При виде государя Вассиан было привстал со своей лежанки и даже успел спустить ноги на пол, но Иван остановил его:

   — Сиди, сиди, святой отец... Ну, вот и встретились мы с тобой, отче Вассиан, — сказал царь, положив руку ему на плечо и вглядываясь в суровое, изборождённое морщинами лицо старца. — Сколько мы не виделись? Двенадцать лет?

   — Без малого двенадцать, государь. Ты был тогда ещё в отрочестве своём... А я уже и тогда был старик...

— А где панагия твоя, отче Вассиан? Я её помню...

   — А как сняли её с меня тогда Шуйские, когда прогнали с епископии, так и не видел я её с тех пор.
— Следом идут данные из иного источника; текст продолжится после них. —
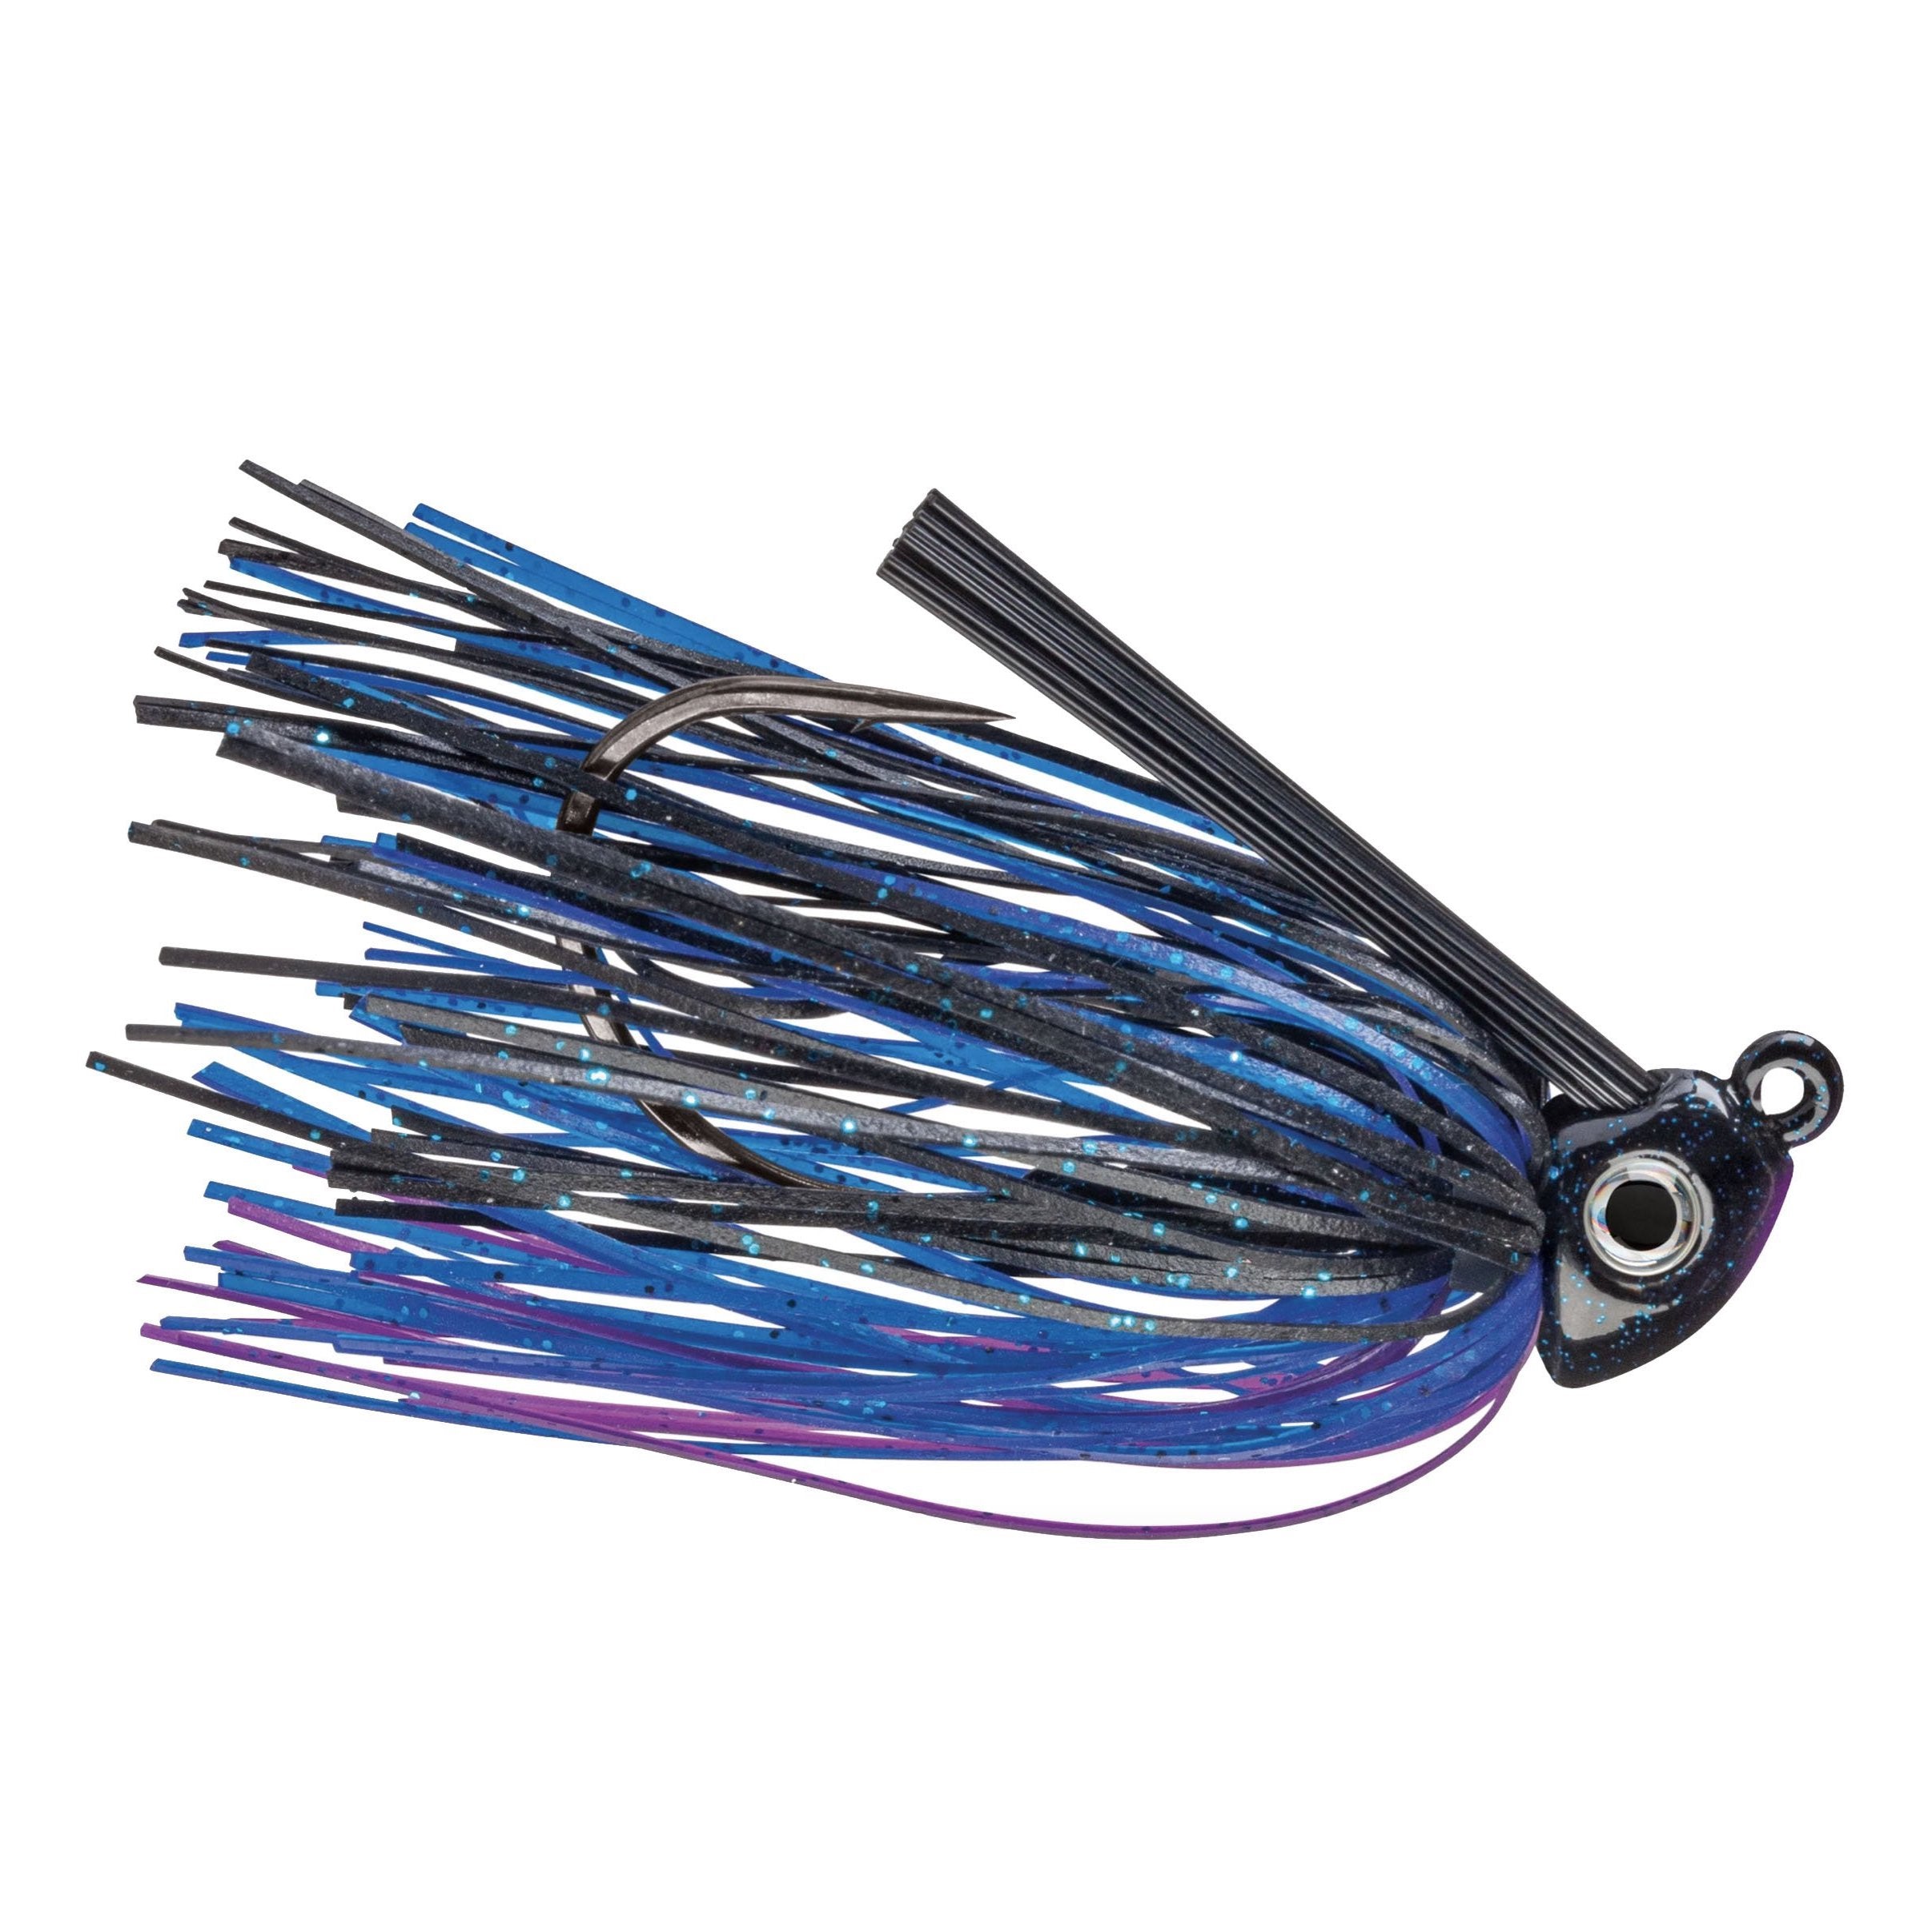 Here are the baits that will catch you bass through the entire

Погляди вокруг себя, государь, — может, на ком из нынешних её и найдёшь. На попе твоём Сильвестре её нет?

   — Без дела хулишь человека, отче Вассиан! Поп — бессребреник. И чужого отродясь не брал. Про то знают все...

   — Истинно, истинно, государь! — сверкнул, как угольями, глазами своими в ответ старец. — Зачем ему теперь брать? И так в земле Московской всё его! Сам царь в рот ему смотрит, а царица мух от него отгоняет, а бояре ему на посылках служат — чего ж ему ещё? Знай живи себе, радуйся! Да Бога моли о счастии таком... Коли с Алёшкой Адашевым из-за добычи не передерутся — к чему ему и воровать? Ты сам ему всё принесёшь, сам отдашь. Мол, сделай милость, прими, бессребреник ты наш... Скипетр-то свой ему ещё не предлагал? Али уж примеривали: может, подойдёт?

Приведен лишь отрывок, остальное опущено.